[Material provided]:
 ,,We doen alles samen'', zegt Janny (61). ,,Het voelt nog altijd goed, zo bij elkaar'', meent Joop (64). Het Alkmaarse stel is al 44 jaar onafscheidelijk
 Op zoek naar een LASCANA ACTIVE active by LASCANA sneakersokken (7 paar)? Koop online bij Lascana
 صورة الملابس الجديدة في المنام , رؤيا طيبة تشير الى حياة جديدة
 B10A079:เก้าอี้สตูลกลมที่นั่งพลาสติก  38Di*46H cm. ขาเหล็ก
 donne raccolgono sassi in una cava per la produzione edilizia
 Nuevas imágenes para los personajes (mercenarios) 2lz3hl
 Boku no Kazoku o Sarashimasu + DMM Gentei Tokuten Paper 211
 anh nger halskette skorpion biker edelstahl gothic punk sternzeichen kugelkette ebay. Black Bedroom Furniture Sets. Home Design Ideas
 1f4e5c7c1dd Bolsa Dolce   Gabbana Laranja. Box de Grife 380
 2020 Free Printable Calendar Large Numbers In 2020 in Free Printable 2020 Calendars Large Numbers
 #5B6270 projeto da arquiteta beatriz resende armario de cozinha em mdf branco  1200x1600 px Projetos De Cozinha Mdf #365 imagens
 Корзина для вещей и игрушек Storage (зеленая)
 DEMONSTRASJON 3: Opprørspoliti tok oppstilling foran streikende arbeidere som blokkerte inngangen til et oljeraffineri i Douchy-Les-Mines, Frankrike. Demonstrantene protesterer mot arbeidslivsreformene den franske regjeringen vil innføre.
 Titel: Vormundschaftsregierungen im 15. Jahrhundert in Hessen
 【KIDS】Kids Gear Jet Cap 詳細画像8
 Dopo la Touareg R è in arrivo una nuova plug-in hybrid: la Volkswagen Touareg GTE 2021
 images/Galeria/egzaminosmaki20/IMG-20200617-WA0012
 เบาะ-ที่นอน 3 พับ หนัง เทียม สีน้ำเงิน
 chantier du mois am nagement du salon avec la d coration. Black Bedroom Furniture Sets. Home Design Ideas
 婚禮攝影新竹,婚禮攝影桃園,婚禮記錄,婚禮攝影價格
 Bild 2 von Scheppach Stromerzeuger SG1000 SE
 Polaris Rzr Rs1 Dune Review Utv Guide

[Your assignment]:
Extract every line containing the string "Ideas" from the material.

[The answer]:
 anh nger halskette skorpion biker edelstahl gothic punk sternzeichen kugelkette ebay. Black Bedroom Furniture Sets. Home Design Ideas
 chantier du mois am nagement du salon avec la d coration. Black Bedroom Furniture Sets. Home Design Ideas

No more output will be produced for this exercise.